▶ **What the exercise asks**
What is needed is a word-for-word copy of the listing below, without pictures.

▶ **Collected material**
────────────────────
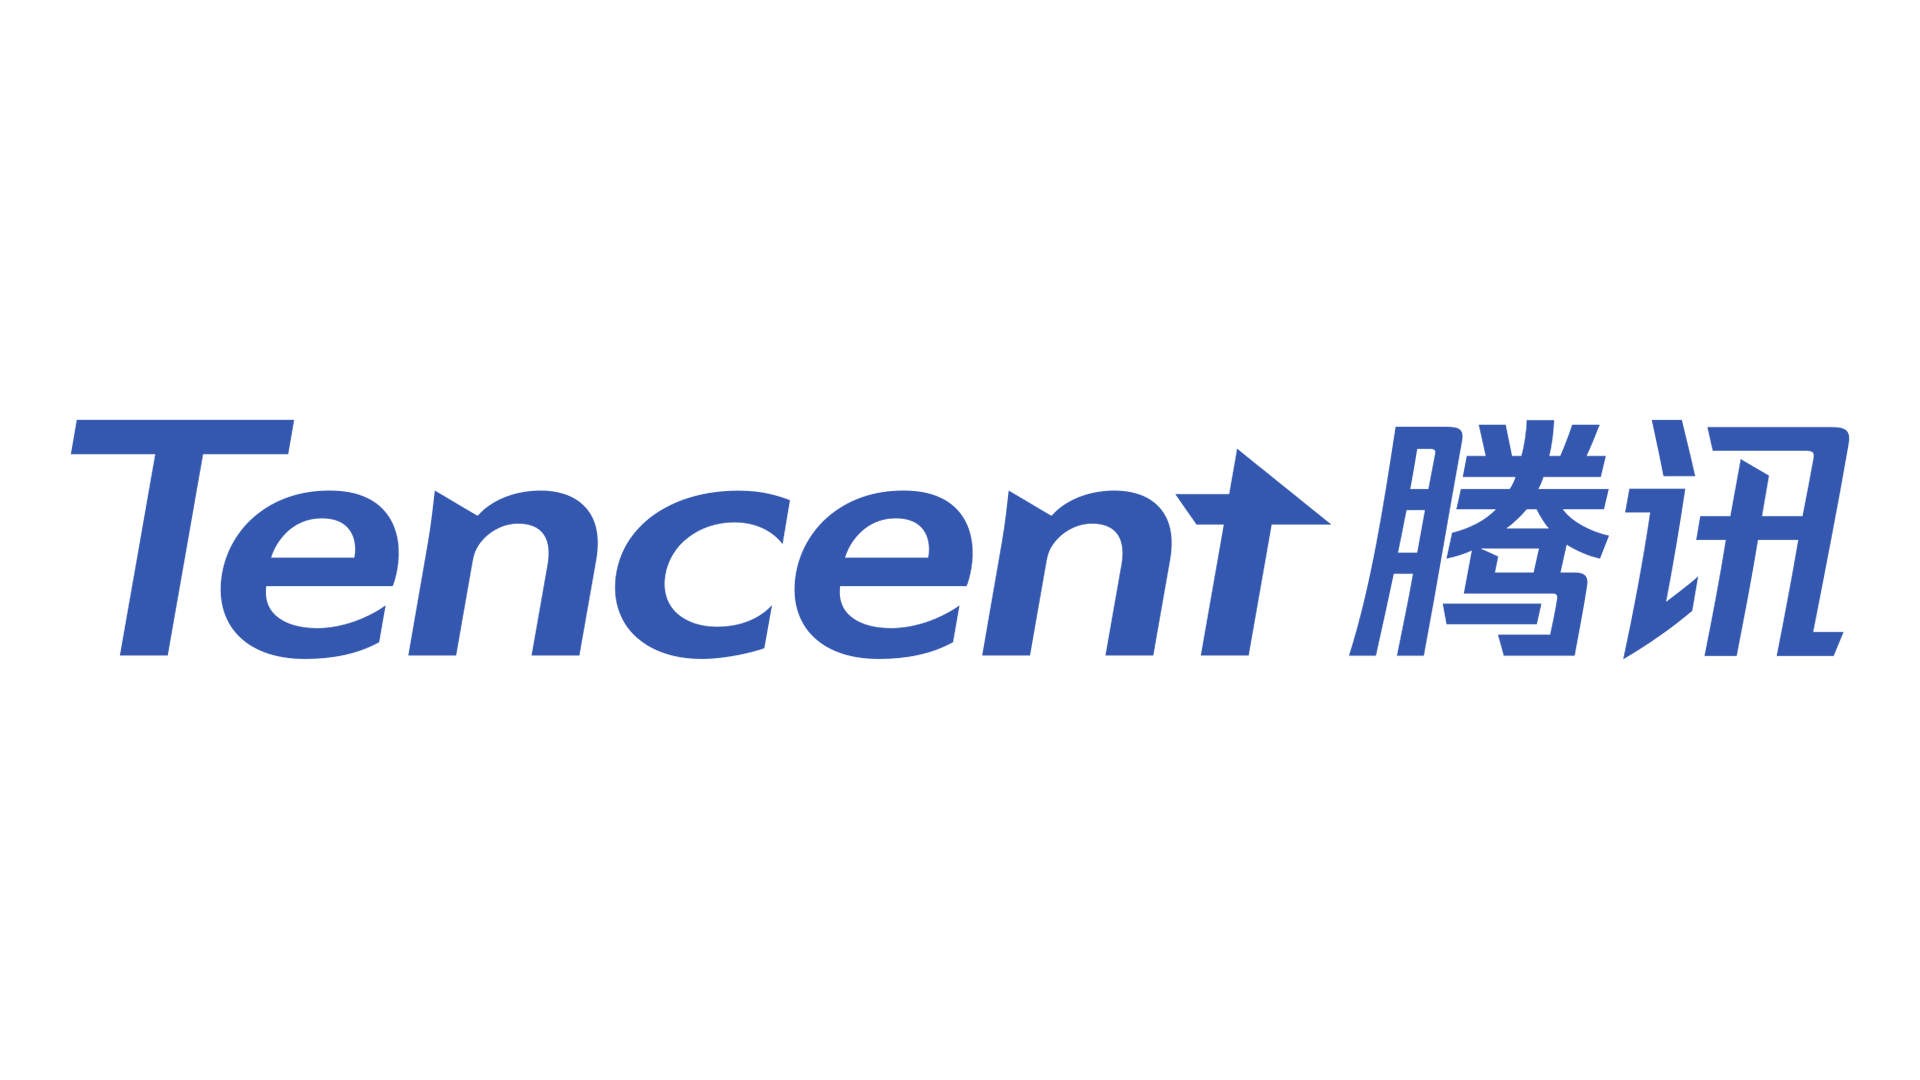 Proksi untuk tencent.com
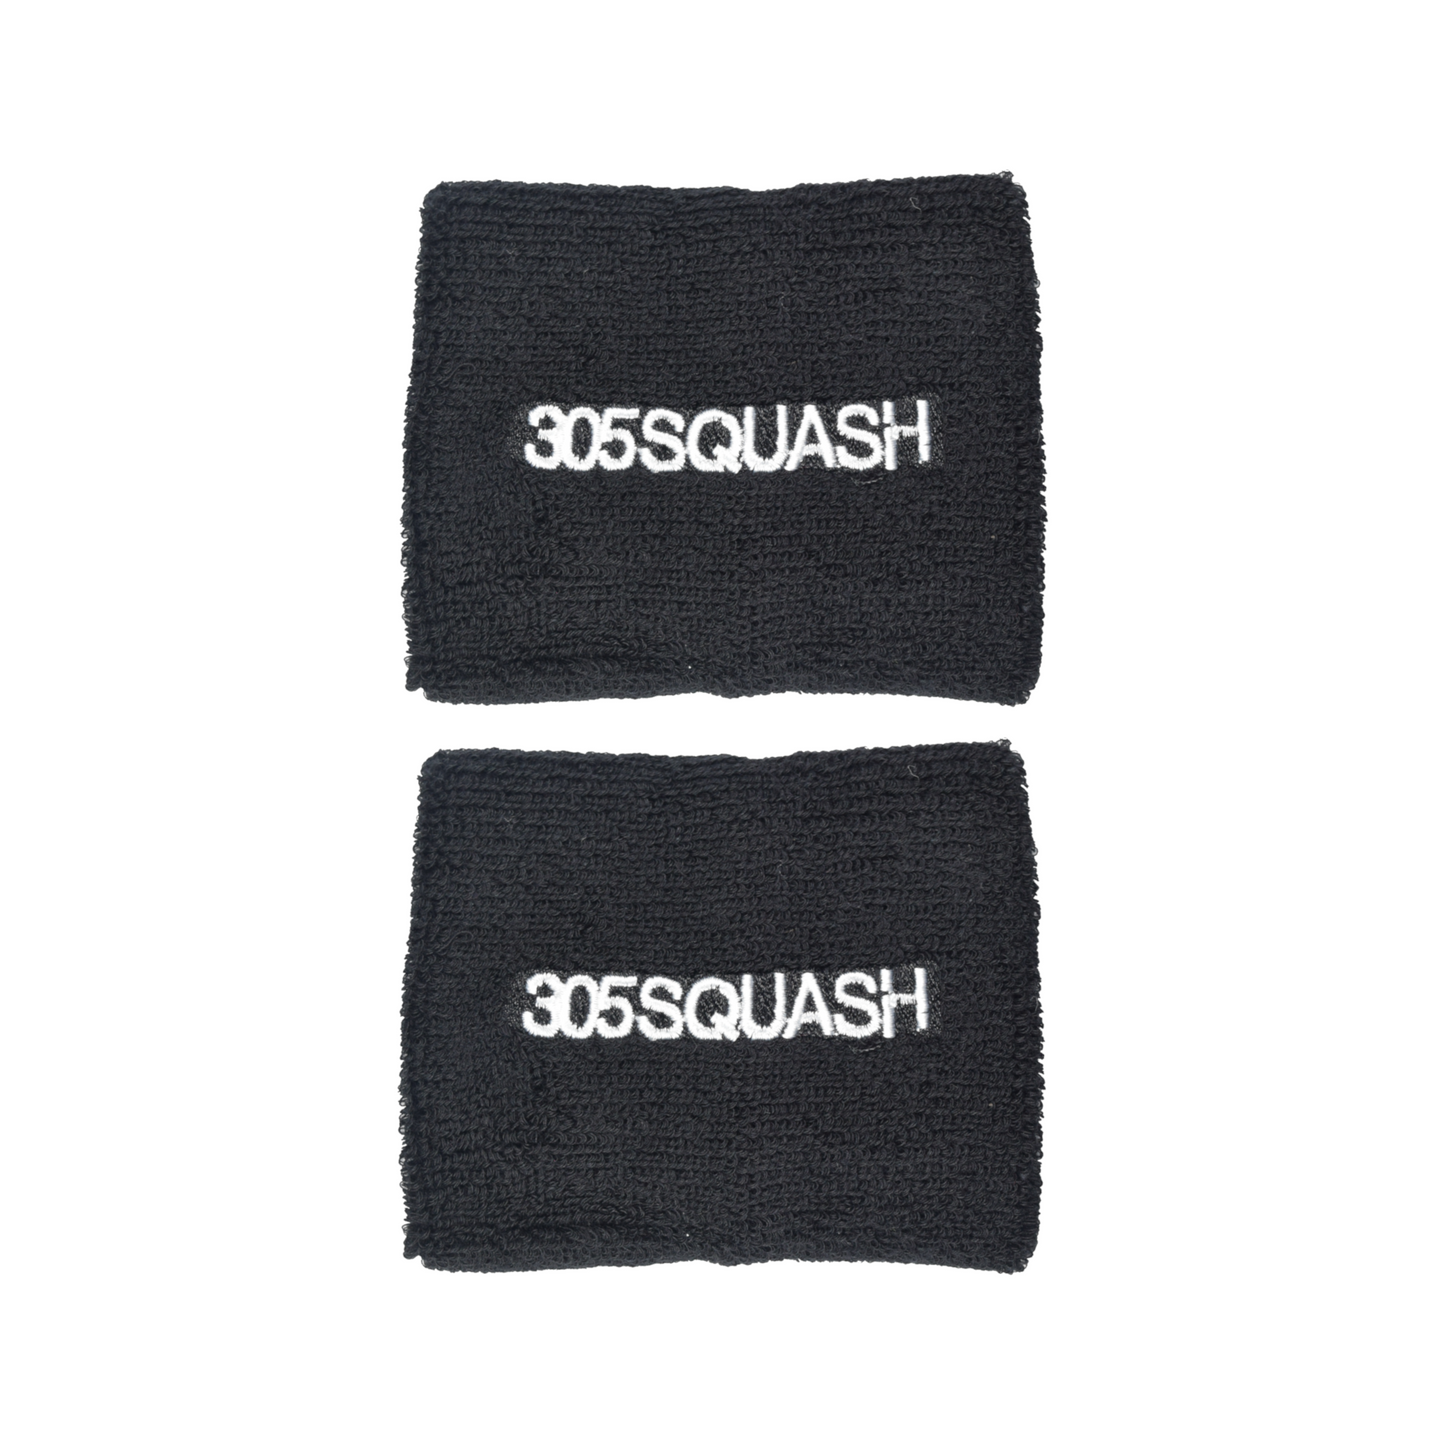 305SQUASH Large Sweatbands - Twin Pack
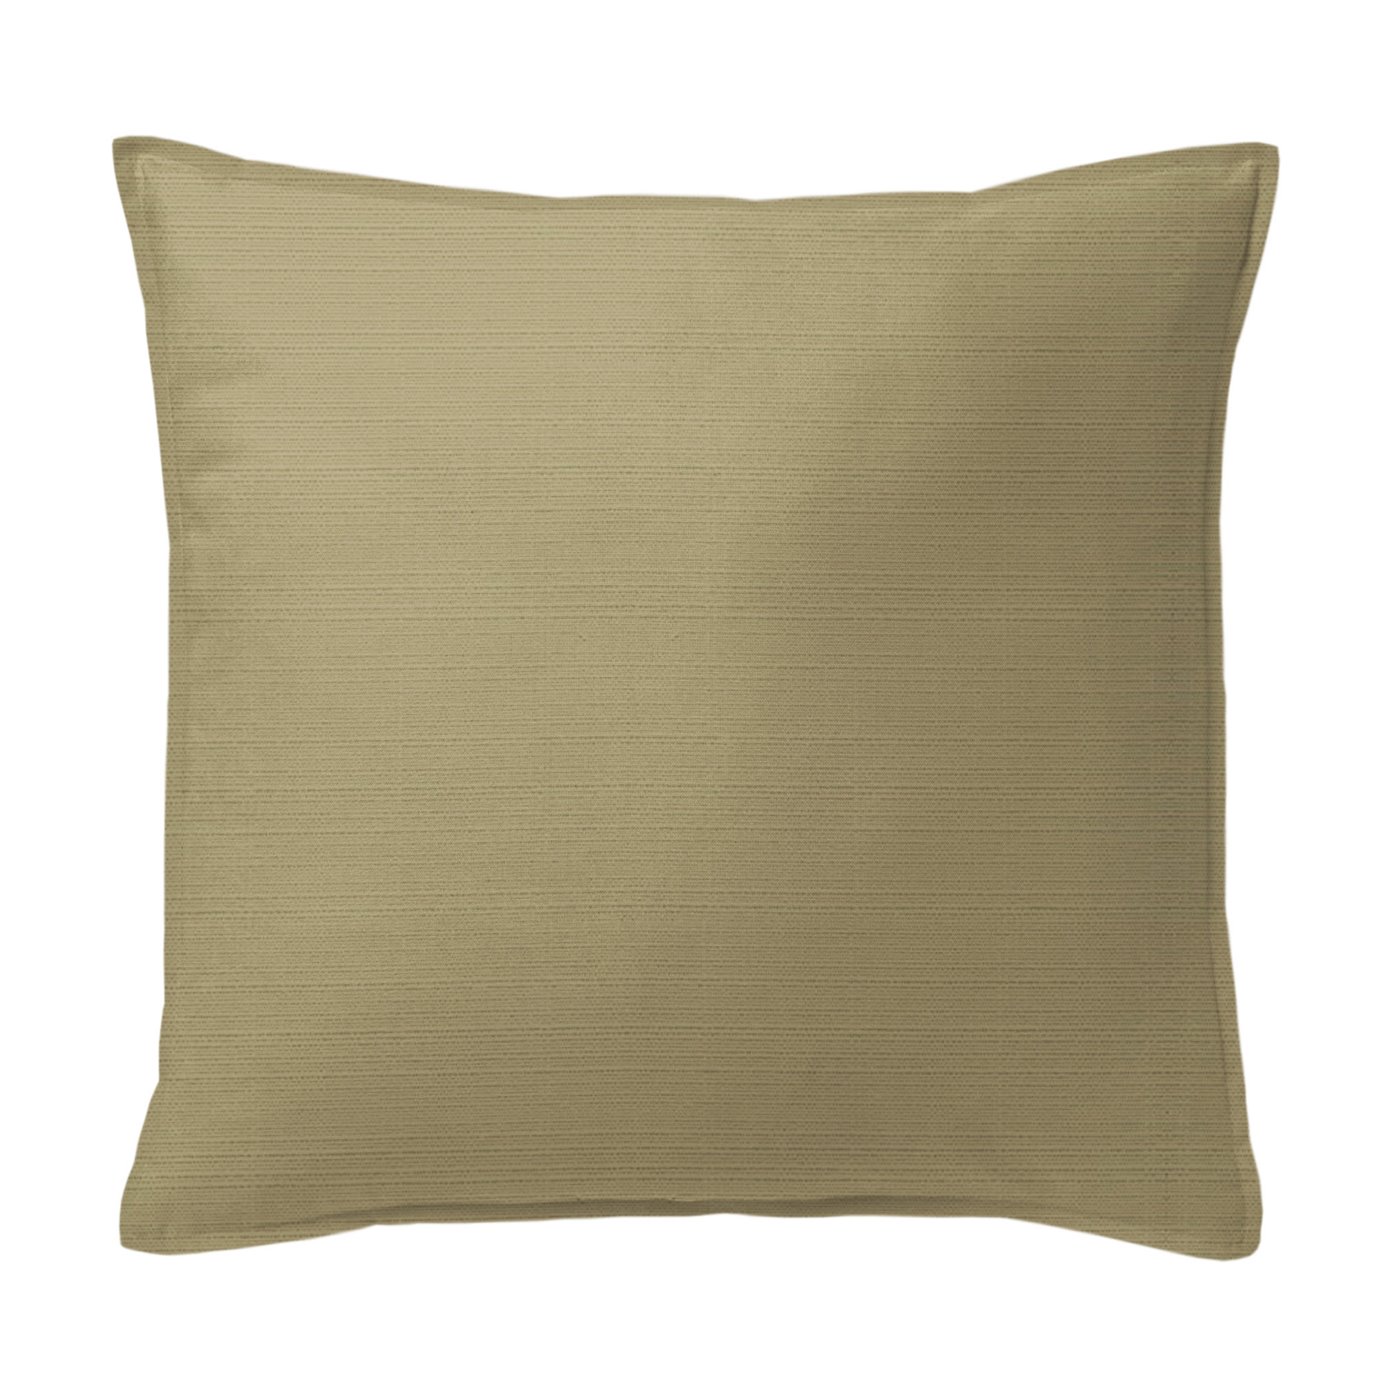 Nova Gold Decorative Pillow - Size 20" Square
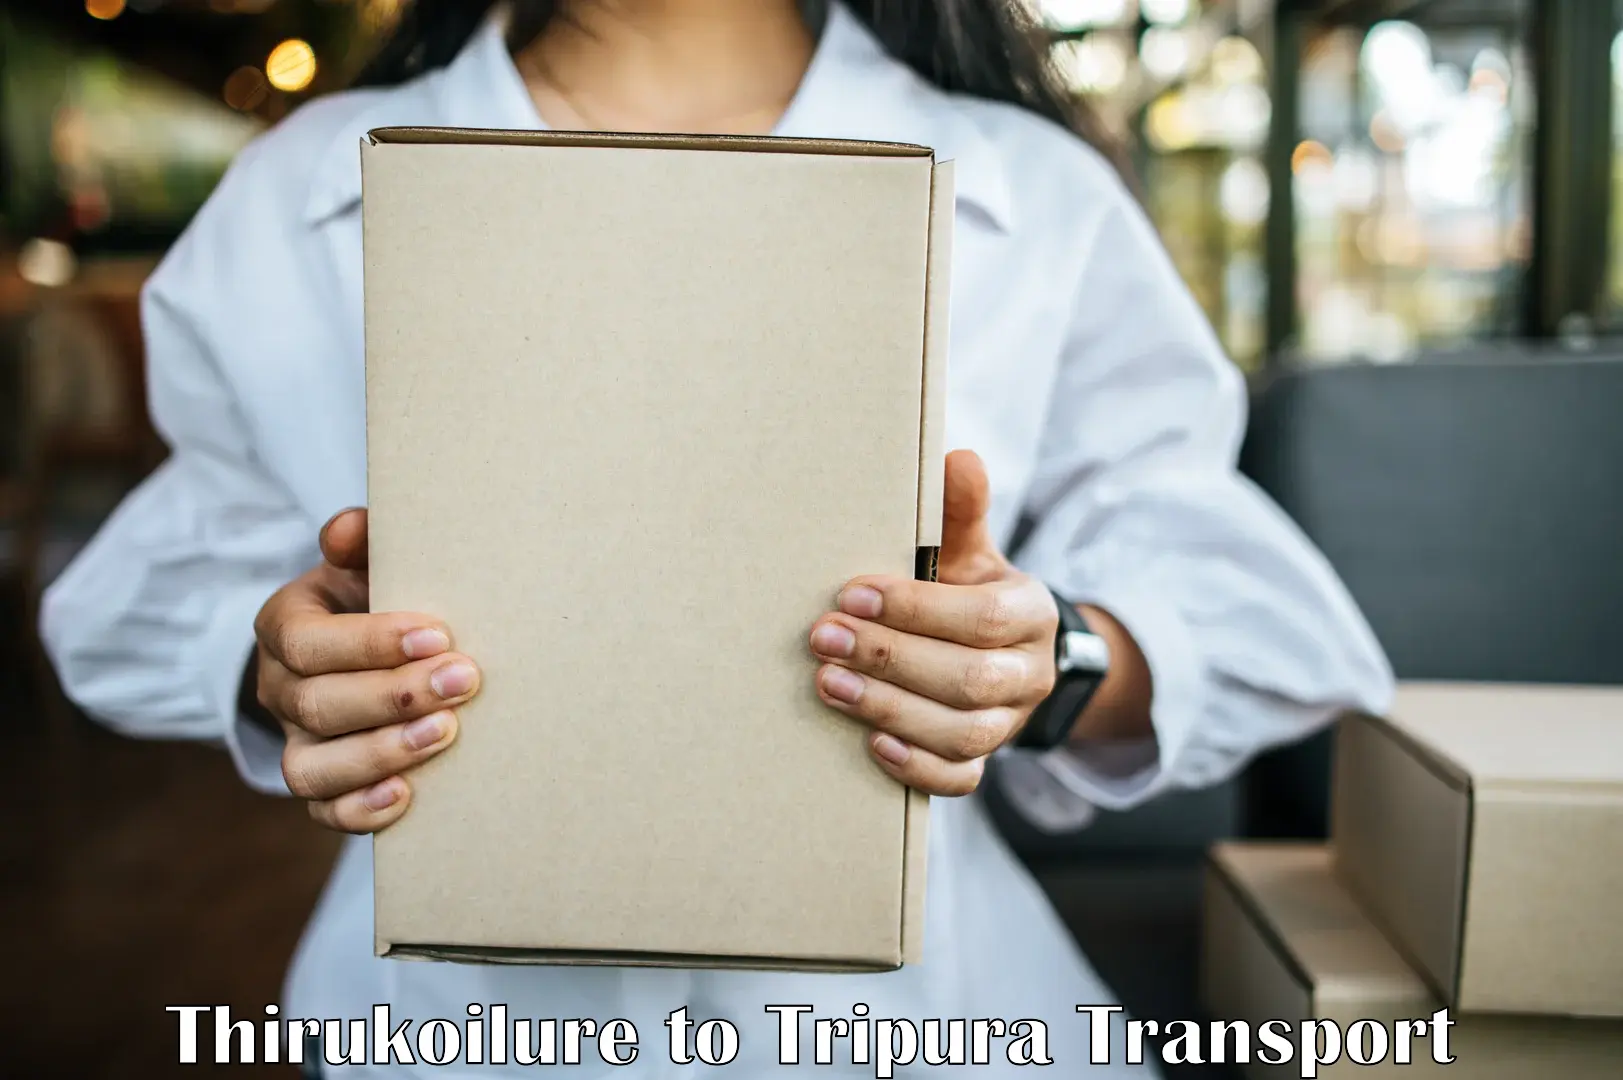 Online transport booking Thirukoilure to Udaipur Tripura
────────────────────
▶ **Task solution**
 Proksi untuk tencent.com
 305SQUASH Large Sweatbands - Twin Pack
 Nova Gold Decorative Pillow - Size 20" Square
 Online transport booking Thirukoilure to Udaipur Tripura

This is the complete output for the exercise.